62 TBIRD shift indicator adjustment
 
this is my first time on here hope i get it right. to start my car i have to lift up on the gearshift push it into park and then it starts then when i put it into gear the alignment in every position on the selector is out of sync the p, r, n, d,line up as every one is lined up with the selector but half way to the next gear R shows up almost in N and so on down the line, any help in adjusting would help thanks PAPA JOHN

jopizz 05-18-2016 08:22 PM

It sounds like you need a new detent plate, shift lever or both. Here's the link to the article in the Technical Resource Library on how to replace it and adjust it so the dial lines up correctly. You can get the parts from any of the Thunderbird vendors.

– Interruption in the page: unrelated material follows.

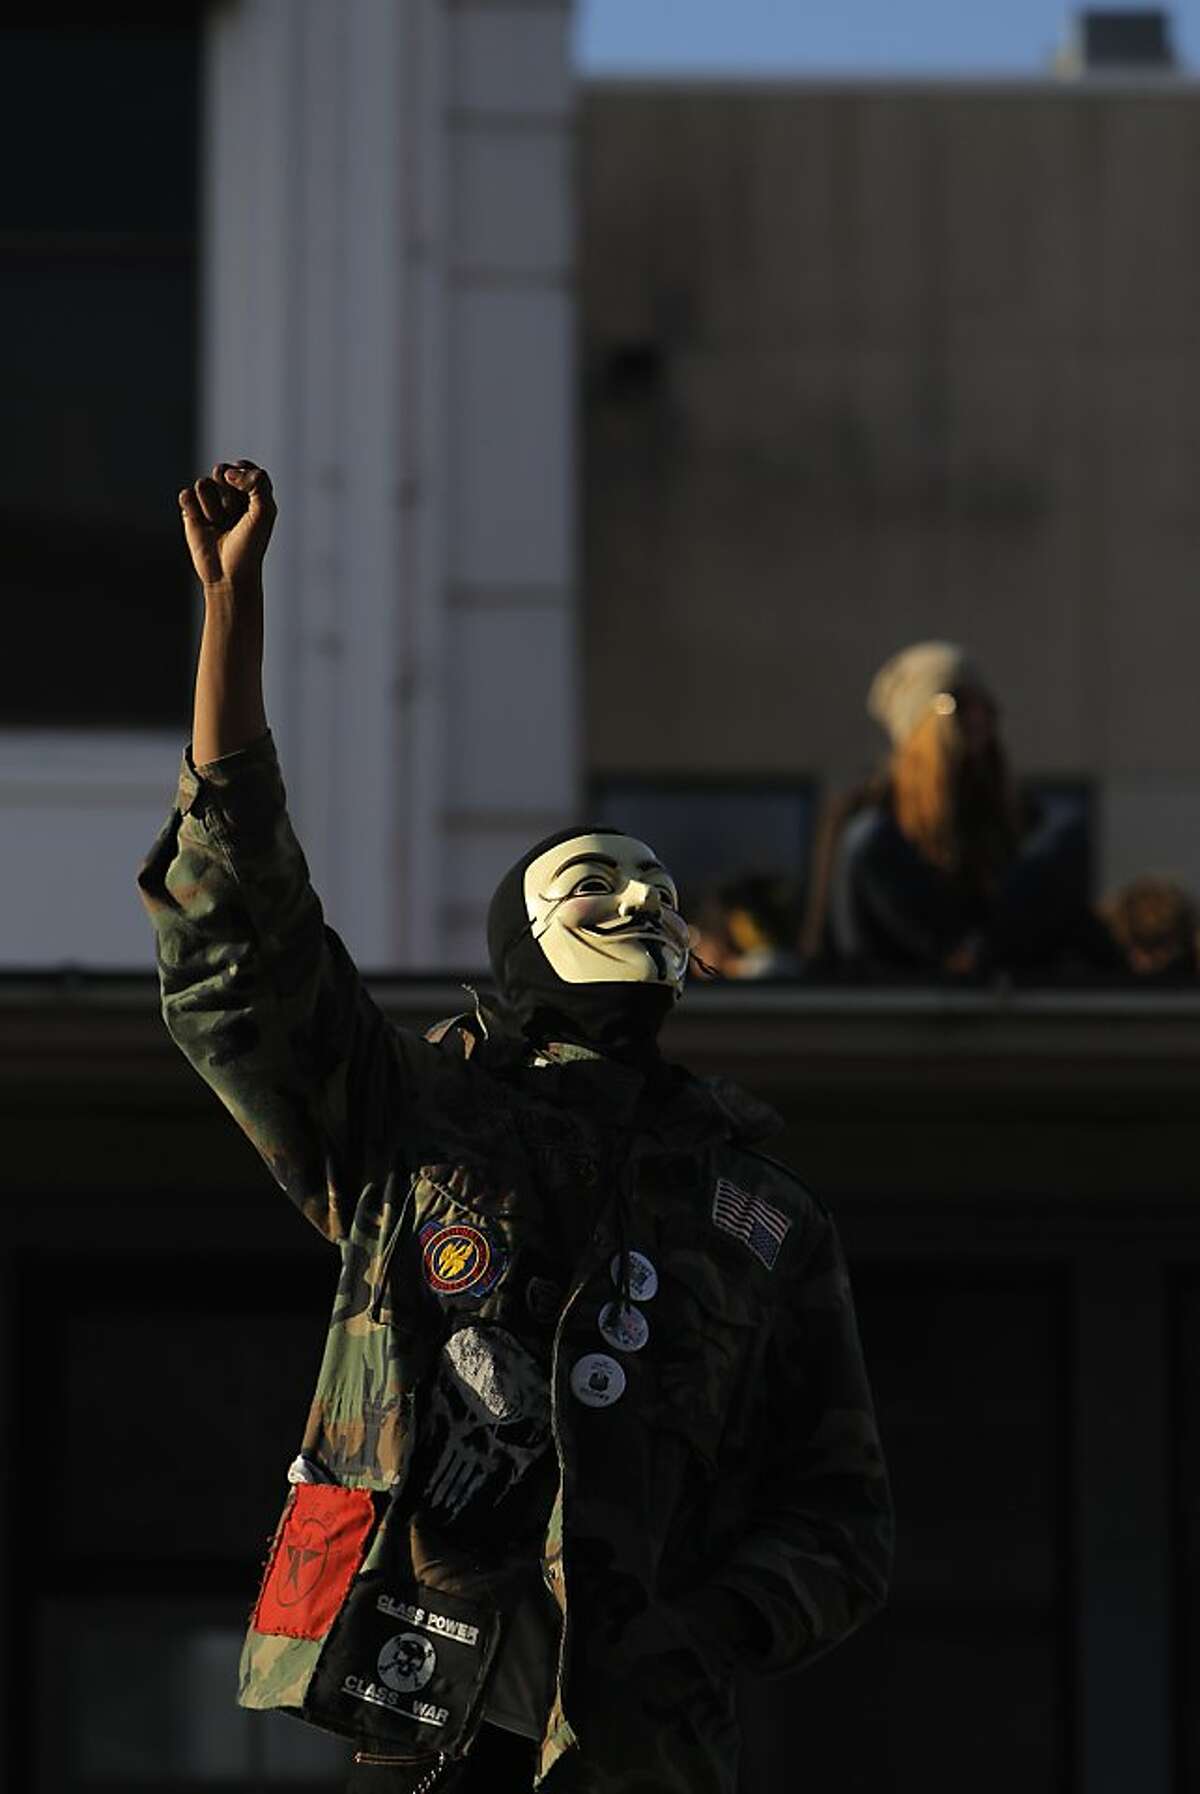 An Occupy San Francisco protester raises his fist in victory as his fellow protesters take over a building at the corner of Turk and Gough Streets in San Francisco, Calif., on Sunday, April 1, 2012, following a rally at Union Square and march up Geary.

http://www.squarebirds.org/picture_g...eplacement.pdf

John

Yadkin 05-18-2016 08:49 PM

Hey Papa, please use punctuation. :D

The neutral safety switch is also out of adjustment. It's common for it to get out of adjustment as it is held in place through slotted holes and self-threading screws through the steering column outer housing. The screws can loosen over time, and if over-tightened, strip the threads in the column metal.

This is such a common problem with Fords of his era. Once I went to start my friend's 65 Galaxie that she hadn't been able to start for weeks. In park, I turned the key, and nothing happened. Instinctively I reached over the top of the column with my left arm and pulled up on the shifter lever, and turned the key with my right, and the car started right up. My friend was incredulous, jumping up and down, asking me how the heck I did that. I had to think back through before I could explain.

Once you get yours adjusted and the mounting screws tight, use a large worm type hose clamp to clamp it tightly into place, and it will maintain its position.

simplyconnected 05-18-2016 11:17 PM

papa john, welcome to Squarebirds.org. I read your post and understood every part of it so don't listen to the 'English Gestapo', (Yadkin). His English isn't the best, either.

I hope to see you post more questions. If the answers are not clear, ask again. We have a lot of good experienced mechanics that are eager to help. These old Ford cars are nothing like modern cars. Most modern mechanics won't touch them unless the car has a computer on board.

I'm in Detroit which is one mile from Windsor, ON. I envy you guys for knowing French AND English. Truth is, when my father's grandfather came over here from Wales, he spoke English but made his mark with an 'X'. Back in the old country, schooling simply meant more time away from earning desperately needed money for the family. When they landed in the coal mines of Pennsylvania, the New World story was the same as the Old World. Fill four cars. Each of them holds 4-tons. That's 16-tons, every day. No punctuation necessary. - Dave

papa john 05-19-2016 02:10 AM

Quote:

Originally Posted by Yadkin (Post 101101)
Hey Papa, please use punctuation. :D

The neutral safety switch is also out of adjustment. It's common for it to get out of adjustment as it is held in place through slotted holes and self-threading screws through the steering column outer housing. The screws can loosen over time, and if over-tightened, strip the threads in the column metal.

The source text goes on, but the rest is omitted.